Affiliations: Department of Cardiology, University Medical Center Mainz, Mainz, Germany | Center for Thrombosis and Hemostasis, University Medical Center Mainz, Mainz, Germany | Department of Cardiology, University Medical Hospital of Siena, Italy | Siena-Toronto Center, University of Siena, Italy | Center for Biomaterial Development and Berlin-Brandenburg Centre for Regenerative Therapies, Helmholtz-ZentrumGeesthacht, Institute of Polymer Research, Teltow, Germany | Department of Cardiology Mount Sinai and University Health Network Hospitals, Toronto, Canada
Note: [] Corresponding author: Tommaso Gori, MD, PhD, Department of Cardiology, University Medical Center Mainz, Mainz, Germany. Tel.: +49 6131 172829; Fax: +49 6131 176669; E-mail: [email protected]
Note: [] These authors contributed equally to this work.
Note: [] These authors contributed equally to this work.

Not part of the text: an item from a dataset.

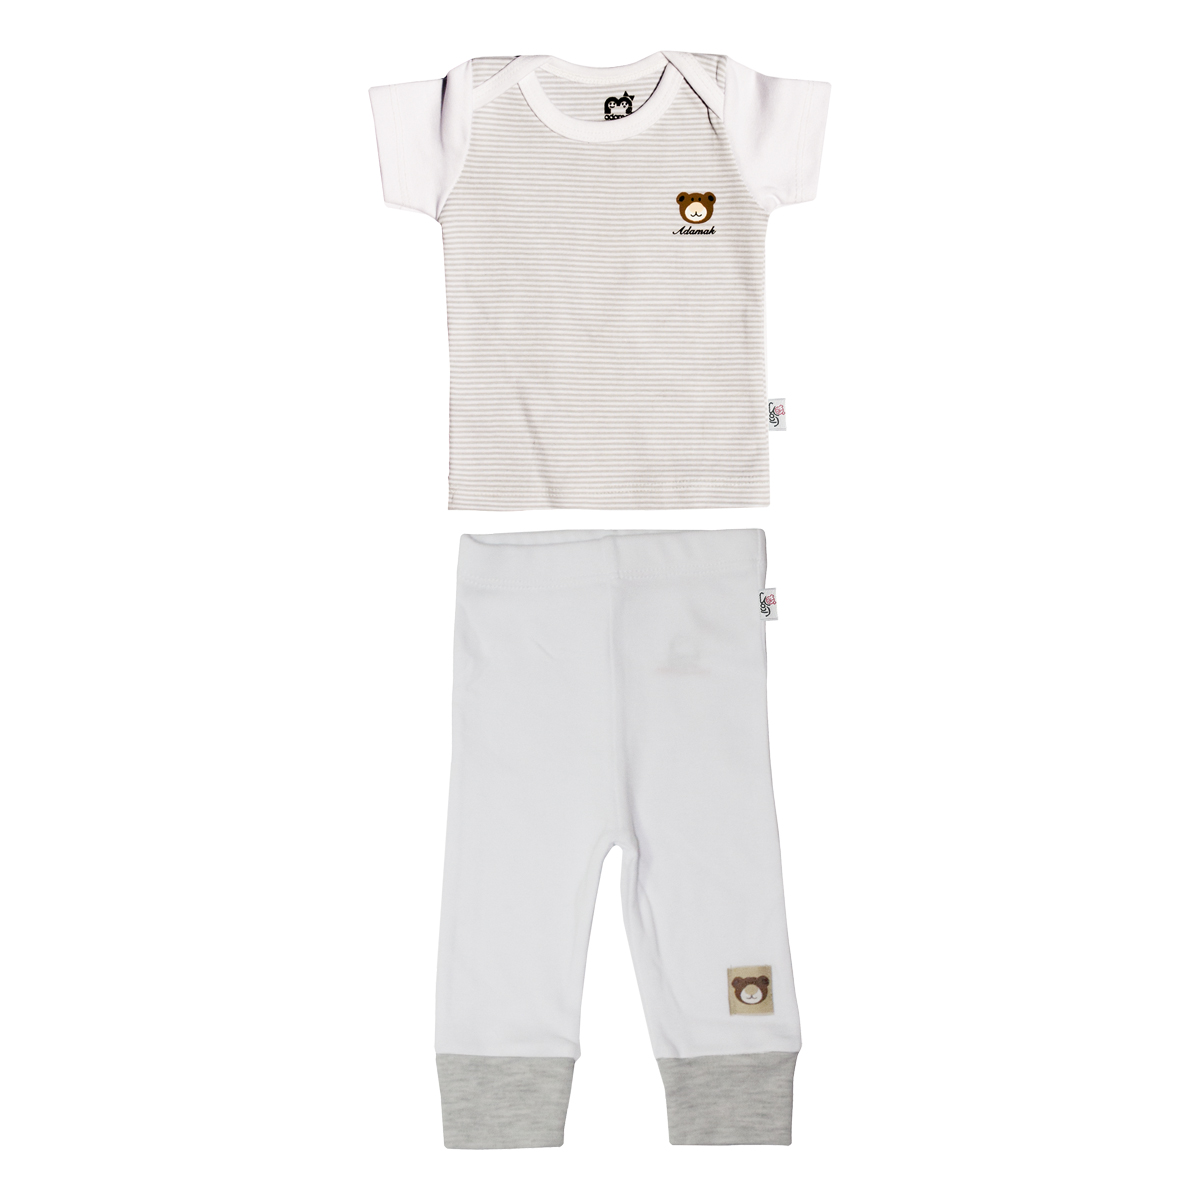 ست تی شرت و شلوار نوزادی آدمک طرح راه راه کد 2-152088 رنگ طوسی

Abstract: Background: Coronary (micro)vascular resistance is regulated by the complex interplay of several factors. Two potentially important determinants include endothelial function and the rheological properties of blood. However, their impact on the control of the coronary resistance vasculature is poorly understood. Methods: The corrected Thrombolysis In Myocardial Infarction frame count (TIMIfc, an index of coronary flow velocity), conduit artery endothelial function, intima-media thickness of the common carotid artery and complete blood counts were measured in 145 patients undergoing elective coronary angiography. Patients with obstructive coronary artery disease or systemic conditions thought to be associated with microvascular disease were excluded from the analysis. Results: There was a strong correlation between the TIMIfc measured in the three main coronary artery distributions (R values between 0.71 and 0.85, P < 0.00001). The TIMIfc was higher in males (P < 0.05), but there was no association with traditional risk factors for coronary artery disease (all P > 0.1). There was a correlation between TIMIfc and L-FMC, a parameter of resting endothelial function (R = 0.33, P < 0.0005). TIMIfc also correlated with mean platelet volume (a marker of platelet activation, R = 0.33, P < 0.001), and hematocrit (R = 0.33, P = 0.0002). There was no correlation between TIMIfc and carotid intima-media thickness and the degree of coronary atherosclerosis. Logistic regression analysis showed that L-FMC and hemorheological variables may explain as much as 19% of the variability in TIMIfc. Conclusions: Resting peripheral endothelial function, as well as parameters of platelet function, correlate with coronary TIMIfc. These data emphasize the existence of an association between endothelial function, hemorheological variables and coronary blood flow velocity.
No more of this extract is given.